Look at the estimated probabilities. Why is P(year|DT) = 0 ? 

What are the problems with having zero (0) probabilities and what can be done to
avoid this?

### Exercise 4: Transition Model

In this exercise we will estimate the transition model. In order to compute the
Conditional Probability Distribution of $P (tag_{i+1} |tag_i )$ we first have to compute
the Conditional Frequency Distribution of a tag at position $i + 1$ given the previous tag.
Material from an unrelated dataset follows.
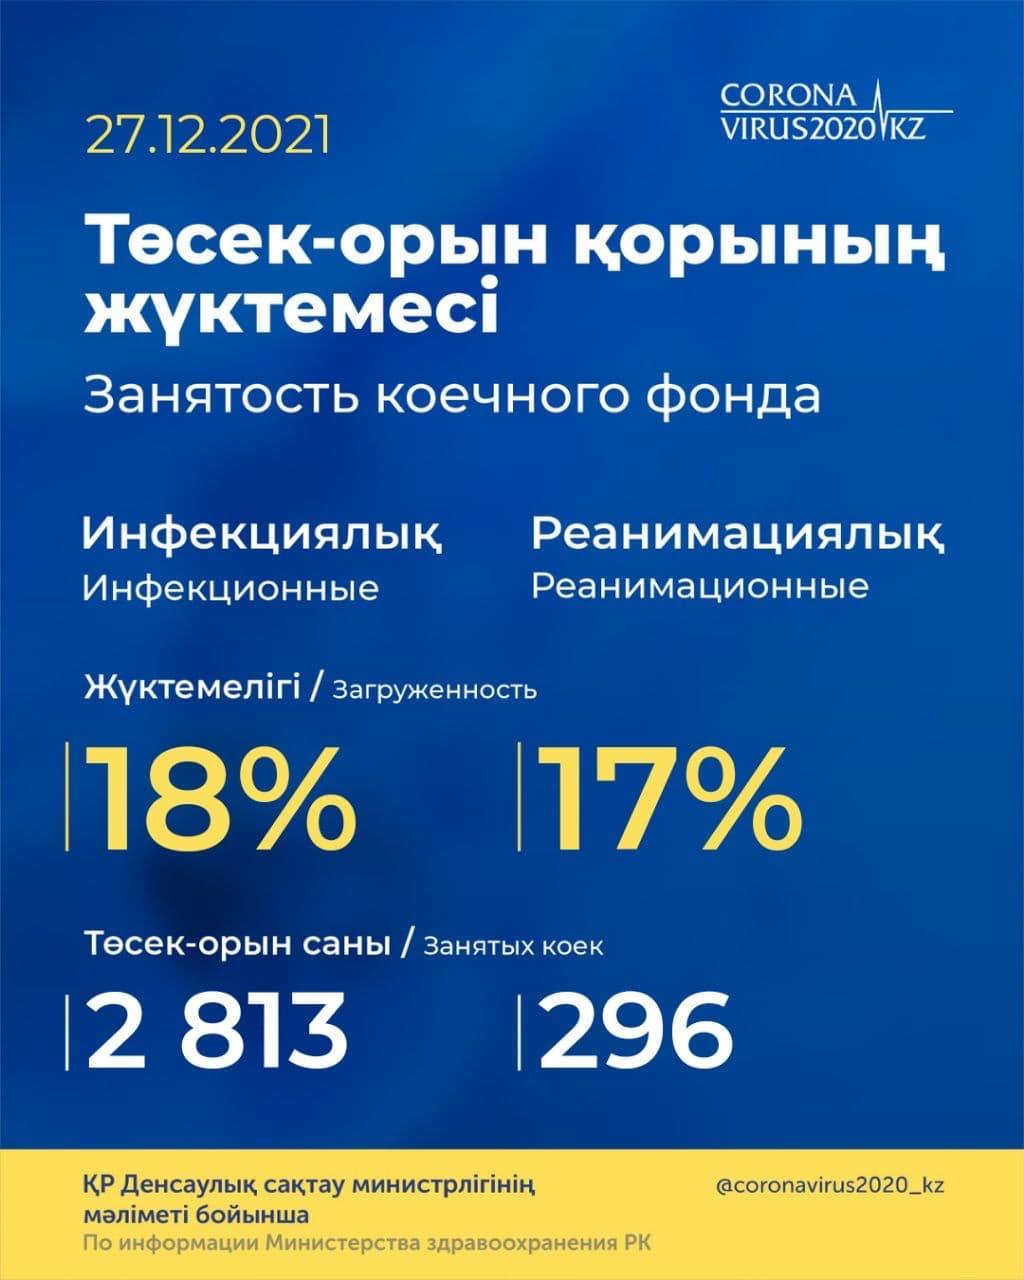 Информация по занятости коечного фонда в РК 27.12.21
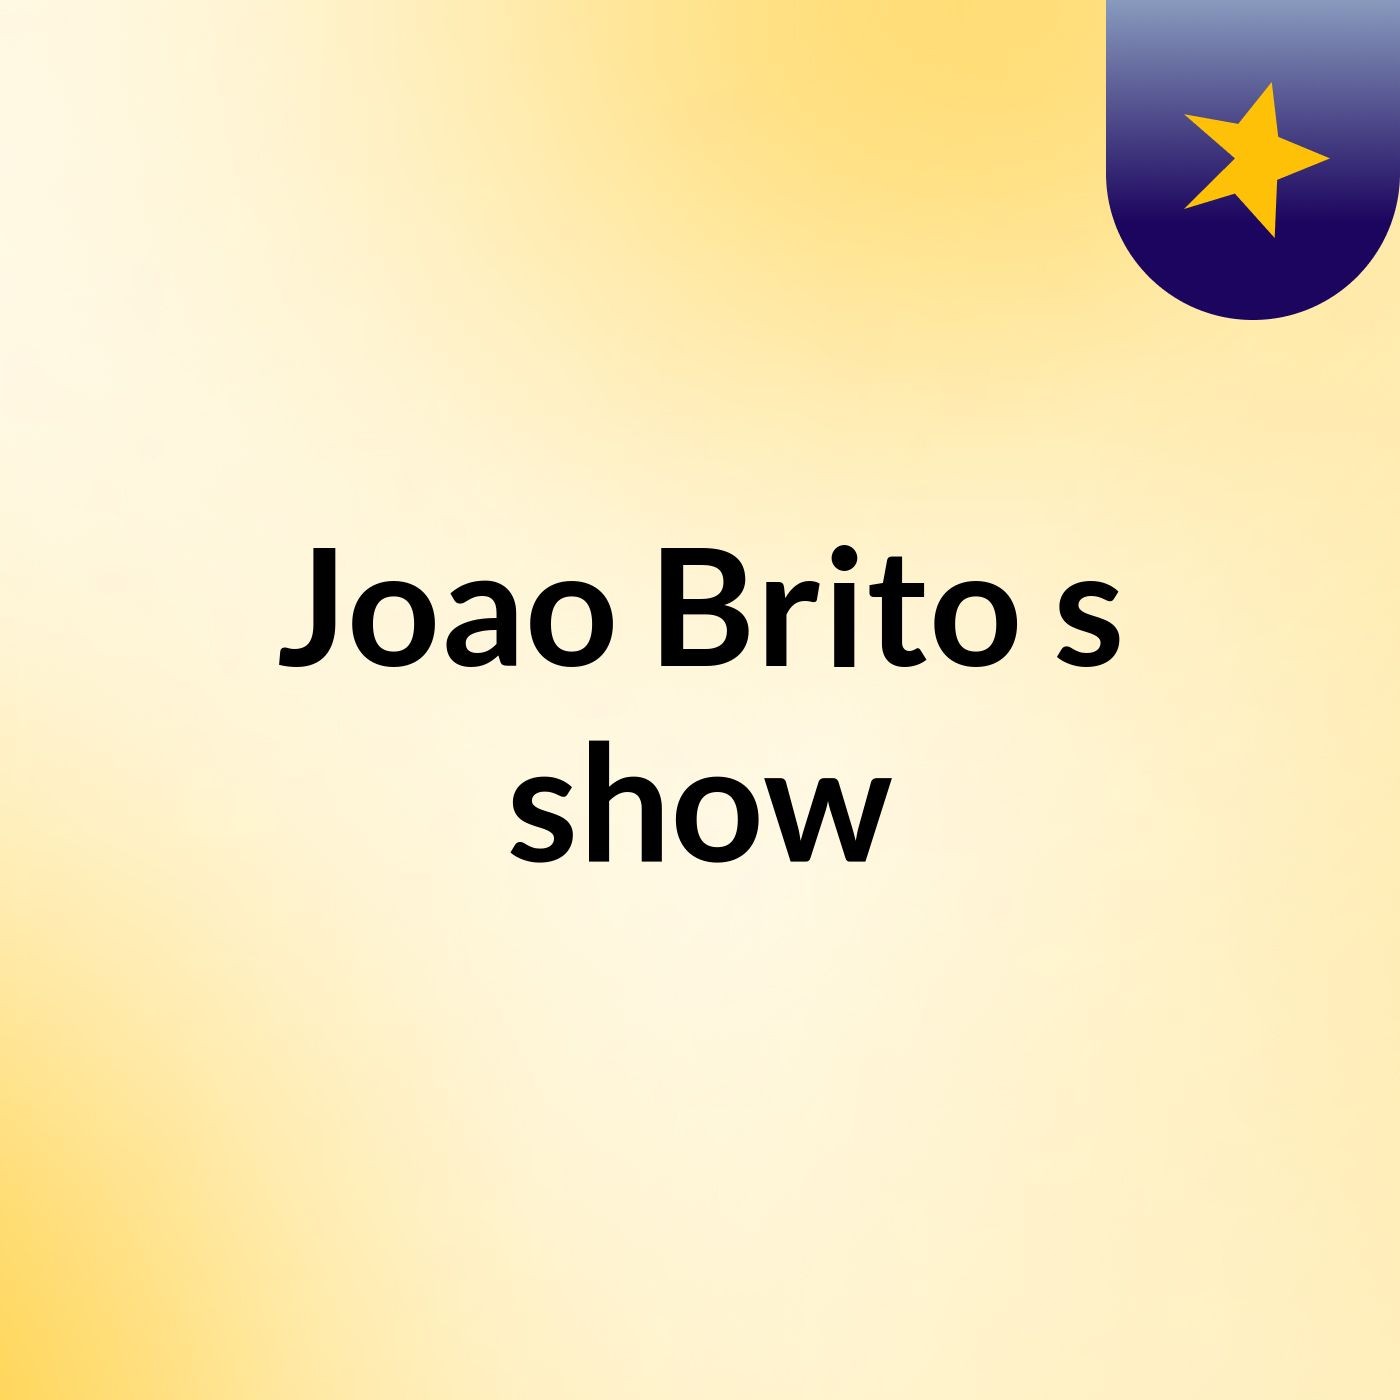 Joao Brito's show

The constructor of the `ConditionalFreqDist` class takes as input a list of tuples, each tuple consisting of a condition and an observation. For the transition
model, the conditions are tags at position i and the observations are tags at
position $i + 1$. The template of the function that you have to implement takes
as argument the list of tagged sentences from the Brown corpus.

1. Build the dataset to be passed to the `ConditionalFreqDist()` constructor. Each item in your data should be a pair of condition and observation: $(tag_i,tag_{i+1})$
2. Compute the Conditional Frequency Distribution of a tag at position $i + 1$ given the previous tag.
3. Compute the Conditional Probability Distribution for the above Conditional Frequency Distribution. Use the `MLEProbDist` estimator when calling the `ConditionalProbDist` constructor.
4. Compute the probabilities 
   
   $P(\text{NN}|\text{VBD})$ 
   
   $P(\text{NN}|\text{DT})$

In [None]:
def my_transition_model(tagged_sentences):
    """Build and sample Conditional{Freq->Prob}Dist for tag given preceding tag from a list of tagged words using MLE
    
    :param tagged_sentences: Tagged sentences for training and testing
    :type tagged_sentences: list(list(tuple(str,str)))
    :return: Conditional Freq dist of tag given preceding tag,
             Conditional Prob dist of tag given preceding tag, P('NN'|'VBD') and P('NN'|'DT')
    :rtype: tuple(nltk.probability.ConditionalFreqDist,nltk.probability.ConditionalProbDist,float,float)"""
    
    # TODO: prepare the data
    # the data object should be an array of tuples of conditions and observations
    # in our case the tuples will be of the form (tag_(i),tag_(i+1))
    tagGenerators=(((s[i][1],s[i+1][1]) for i in range(len(s)-1)) for s in tagged_sentences)
    # tagGenerators is an iterator of iterators of pairs of tags
    # The following chains them all together to produce an iterator of pairs of tags
    data = itertools.chain.from_iterable(tagGenerators)

    # TODO: compute a Conditional Frequency Distribution for a tag given the previous tag
    transition_FD =ConditionalFreqDist(data)

    # TODO: compute a Conditional Probability Distribution for the
    # transition probability P(tag_(i+1)|tag_(i)) using an MLEProbDist
    # to estimate the probabilities
    transition_PD =ConditionalProbDist(transition_FD, MLEProbDist)

    # TODO: compute the probabilities of P('NN'|'VBD') and P('NN'|'DT')
    p_VBD_NN = transition_PD['VBD'].prob('NN')
    p_DT_NN = transition_PD['DT'].prob('NN')

    return transition_FD, transition_PD, p_VBD_NN, p_DT_NN


Test your implementation by running:

In [None]:
def test_transition_model():
    tagged_sentences = brown.tagged_sents(categories='news')
    (transition_FD, transition_PD, p_VBD_NN, p_DT_NN) = my_transition_model(tagged_sentences)
    print('P(NN|VBD) = ', p_VBD_NN)
    print('P(NN|DT) = ', p_DT_NN)
    
test_transition_model()

Are the results what you would expect? The sequence NN DT seems very probable. 

How will this affect the sequence tagging?

# Going further

Modify your code for exercise 3 to use a different estimator, to introduce some
smoothing, and compare the results with the original.
In exercise 4 we didn’t do anything about the boundaries. Modify your code for
exercise 4 to use `<s>` at the beginning of every sentence and `</s>` at the end.

Explore the resulting conditional probabilities. What is the most likely tag at
the beginning of a sentence? At the end?